■ What to work on ■
Everything from the line with "Men's Sheepskin Slider Slippers in Grey" to the last line of the listing must be retyped exactly, both ends included, with the pictures dropped.

■ Material provided ■

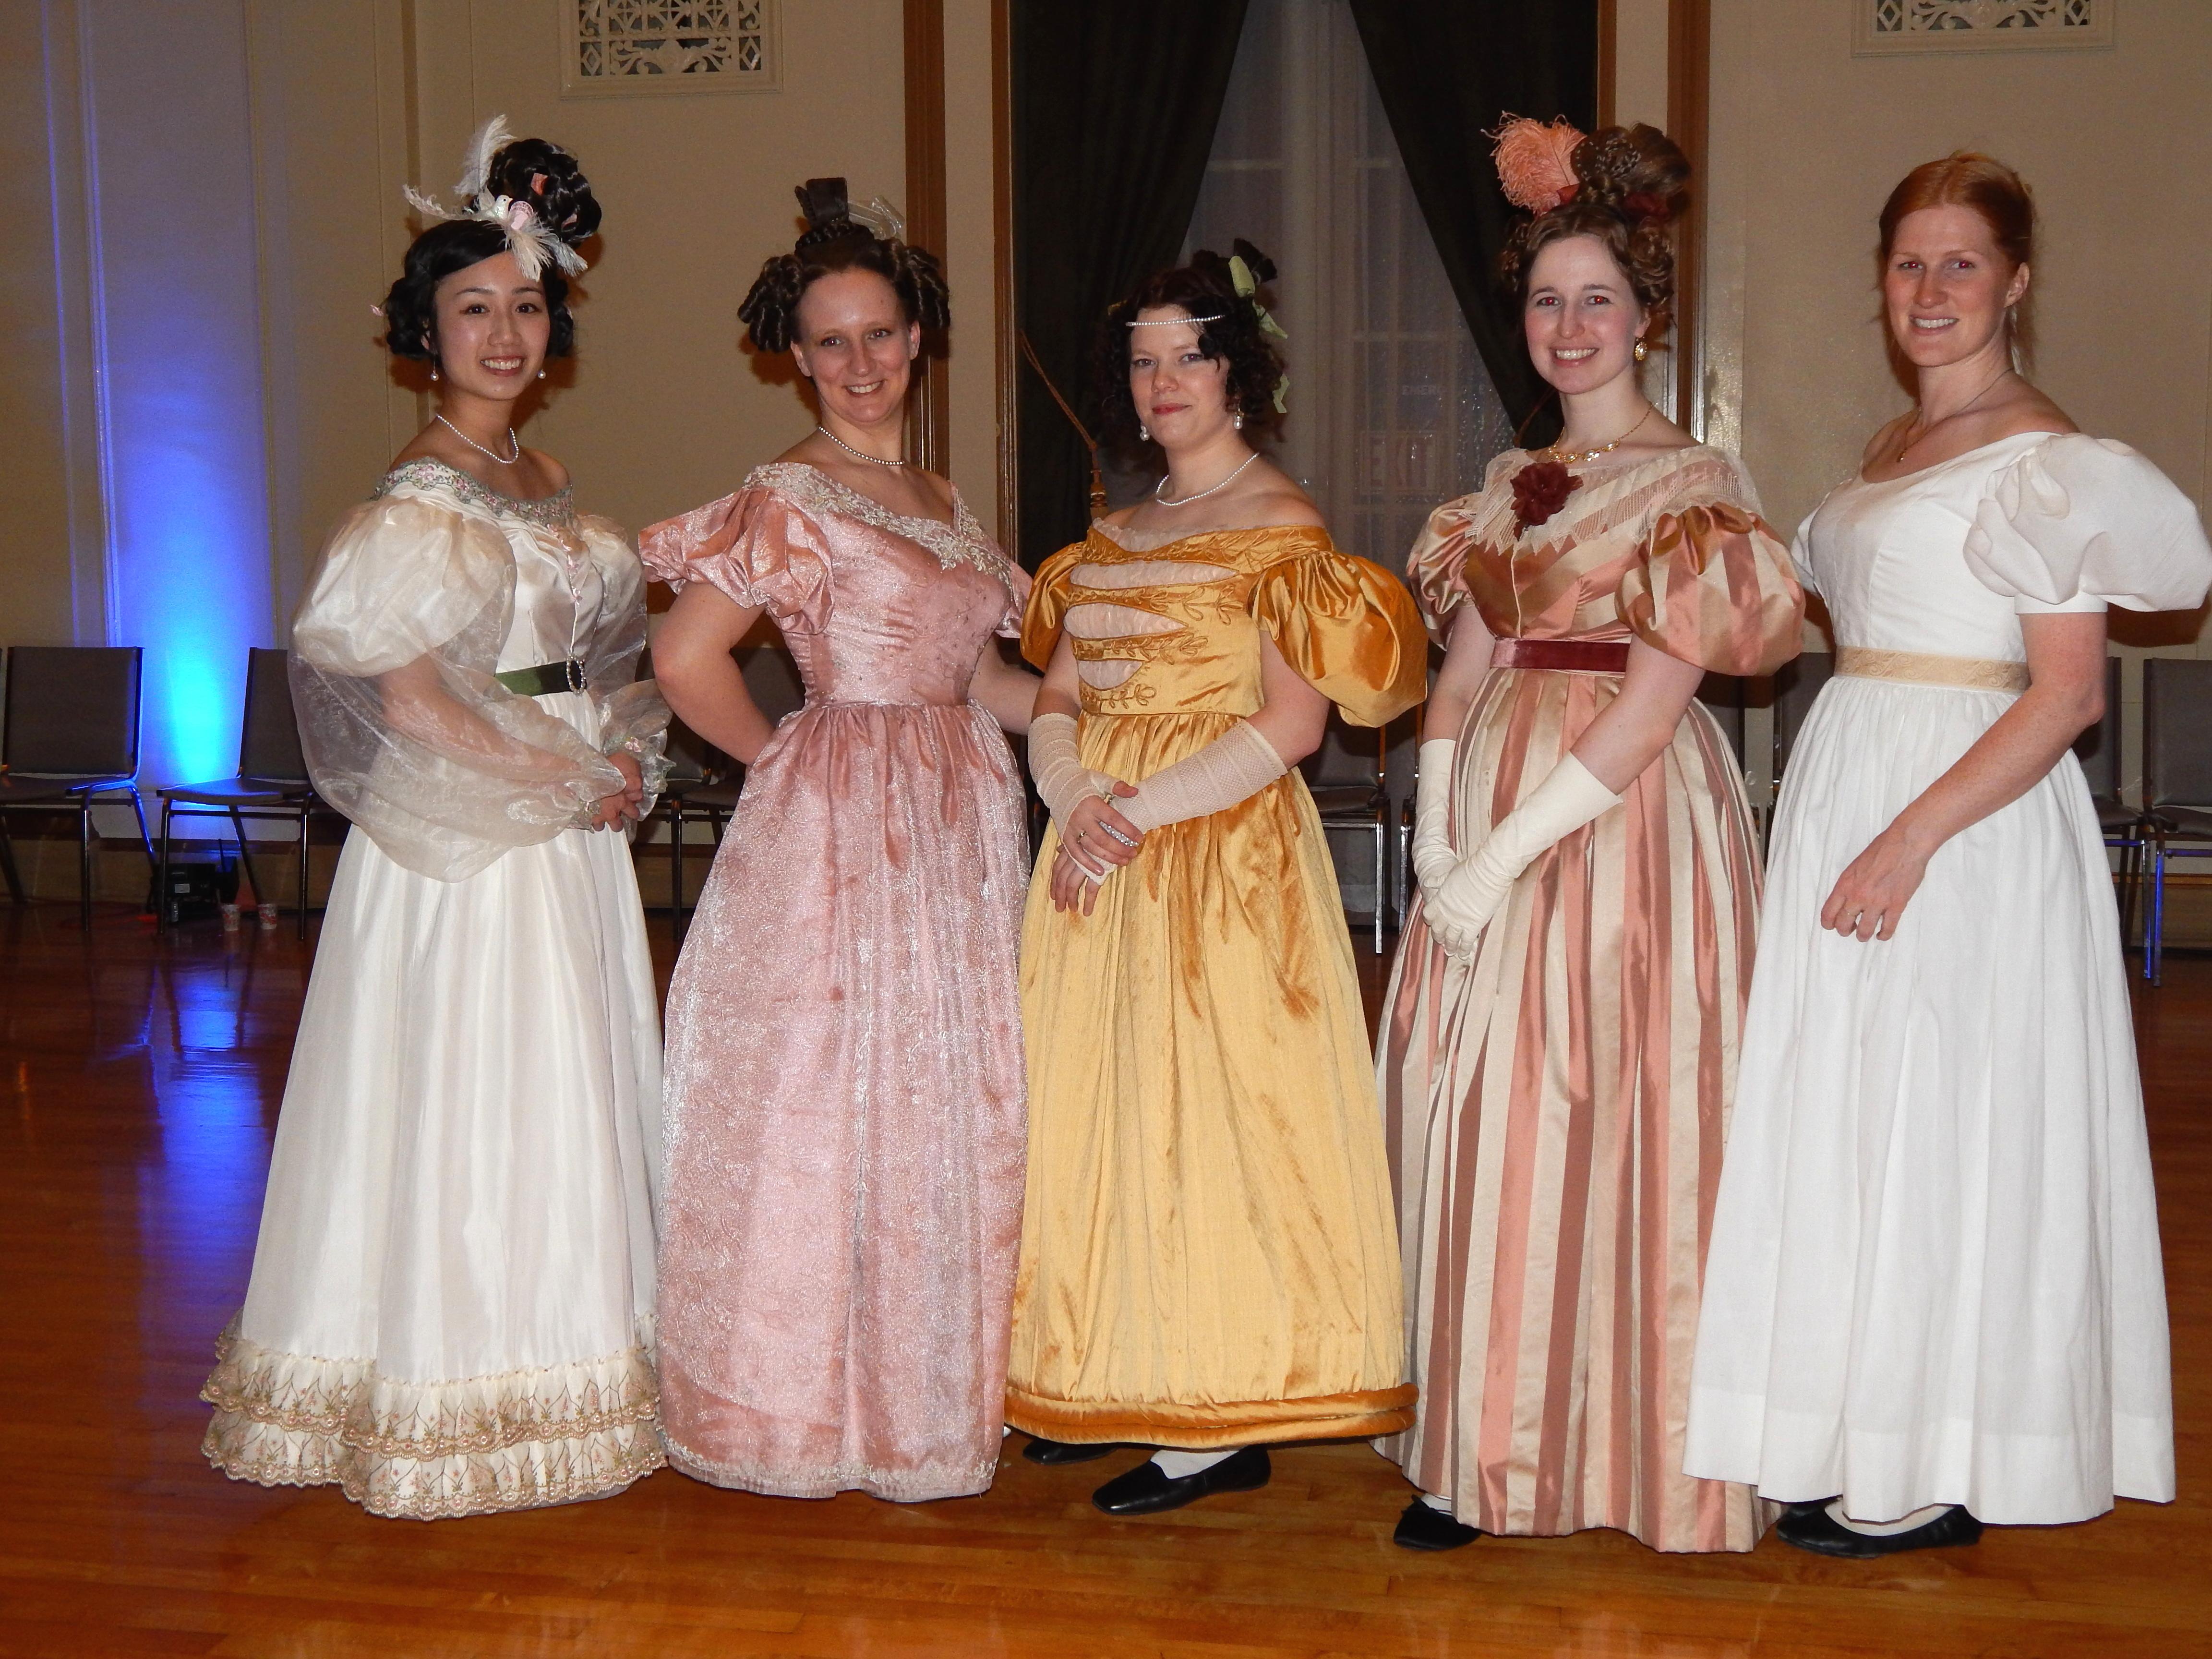 The Romantic Period Evening Dress
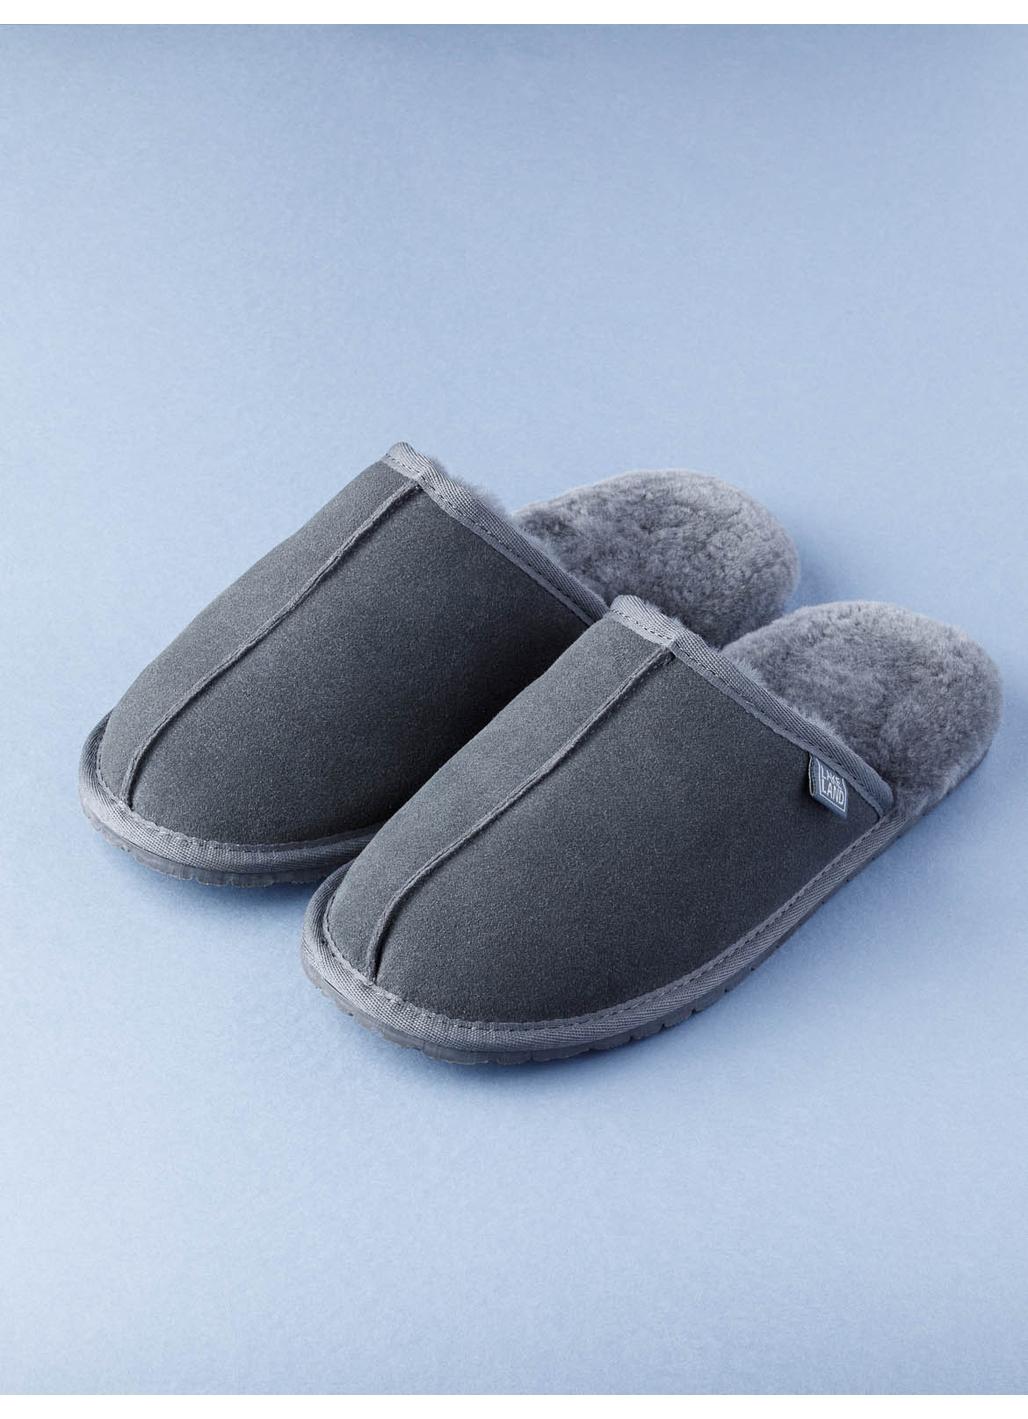 Men's Sheepskin Slider Slippers in Grey
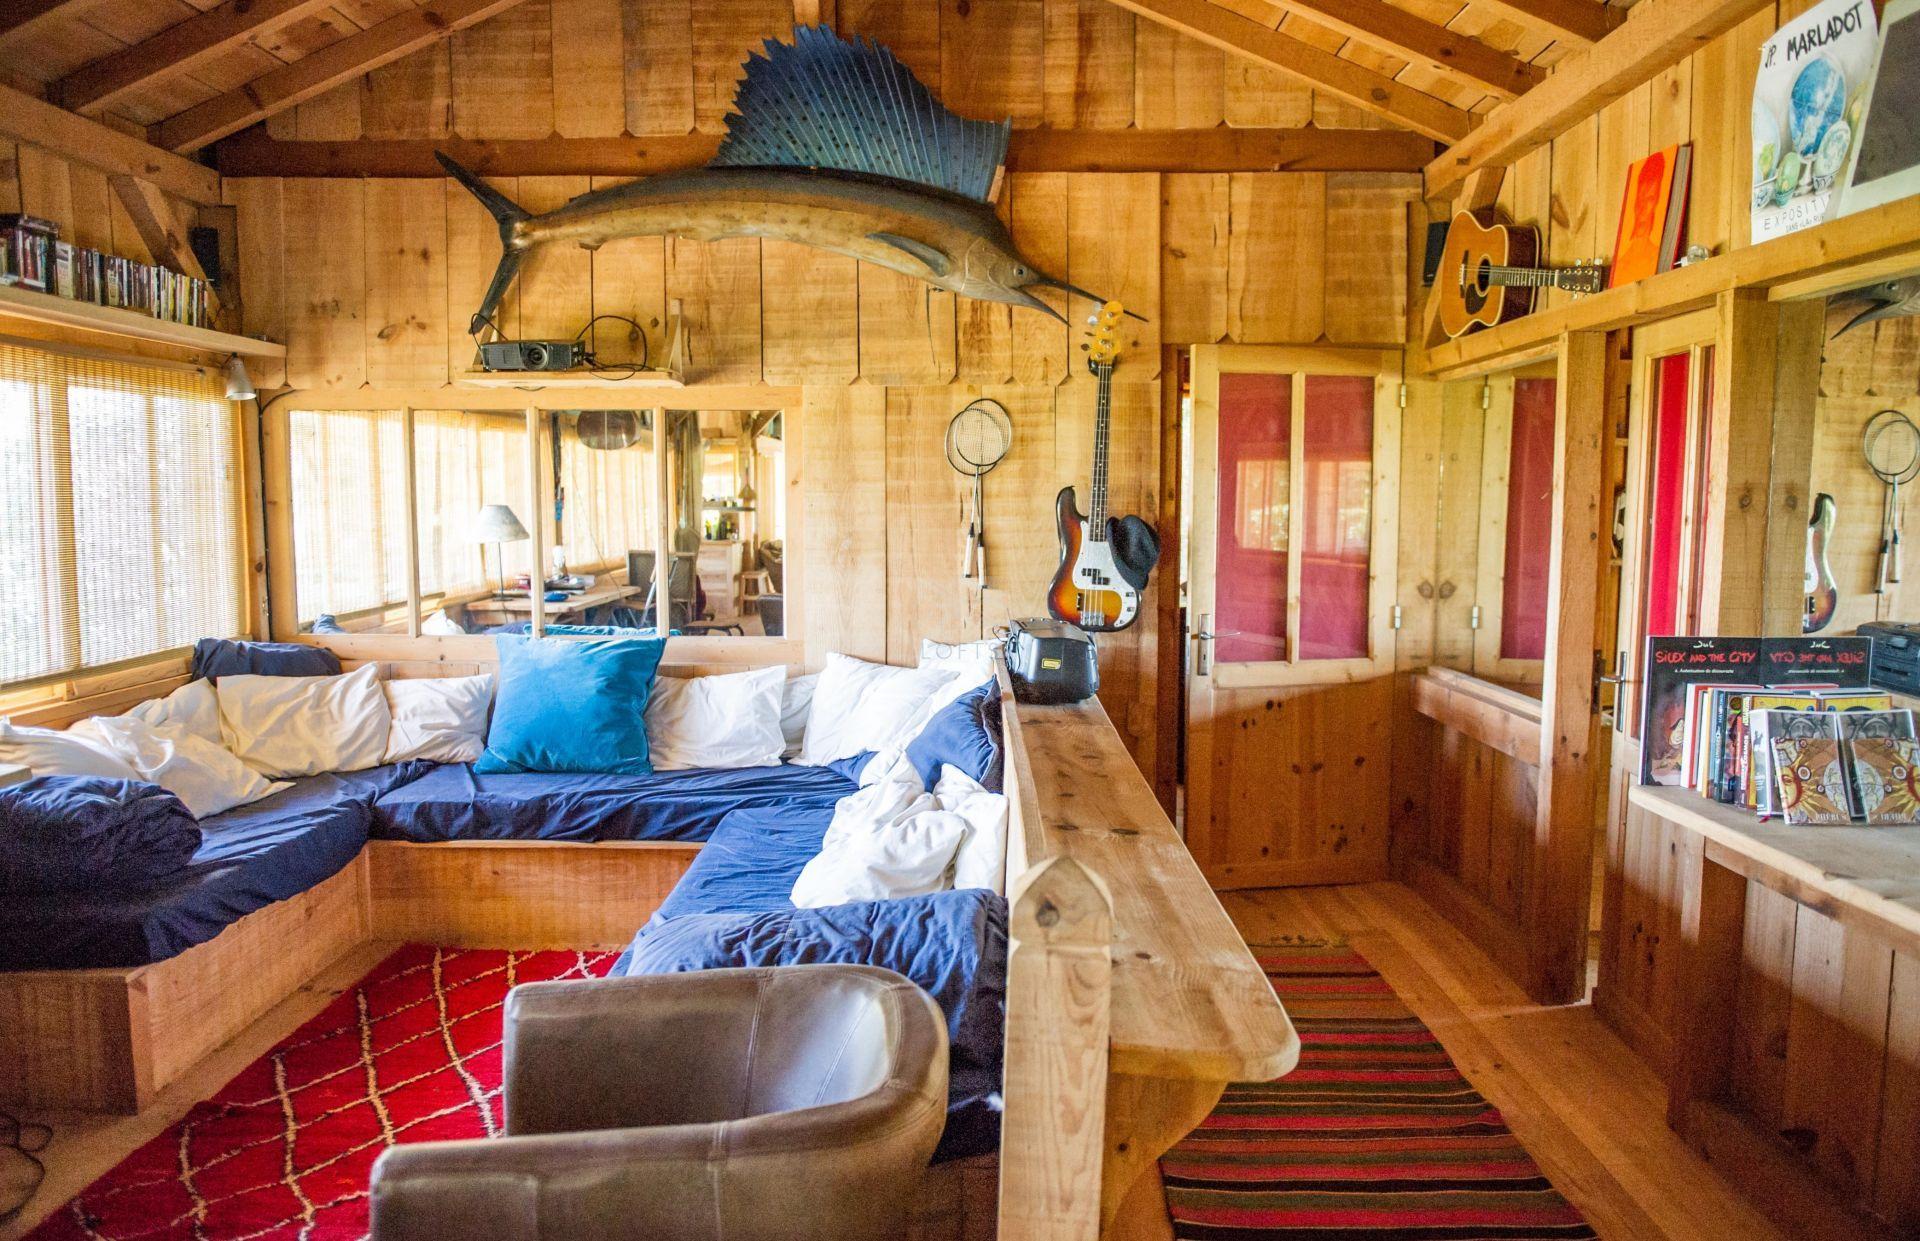 location saison cabane bartherotte en bois au cap ferret. Black Bedroom Furniture Sets. Home Design Ideas

■ Solution for this problem ■
 Men's Sheepskin Slider Slippers in Grey
 location saison cabane bartherotte en bois au cap ferret. Black Bedroom Furniture Sets. Home Design Ideas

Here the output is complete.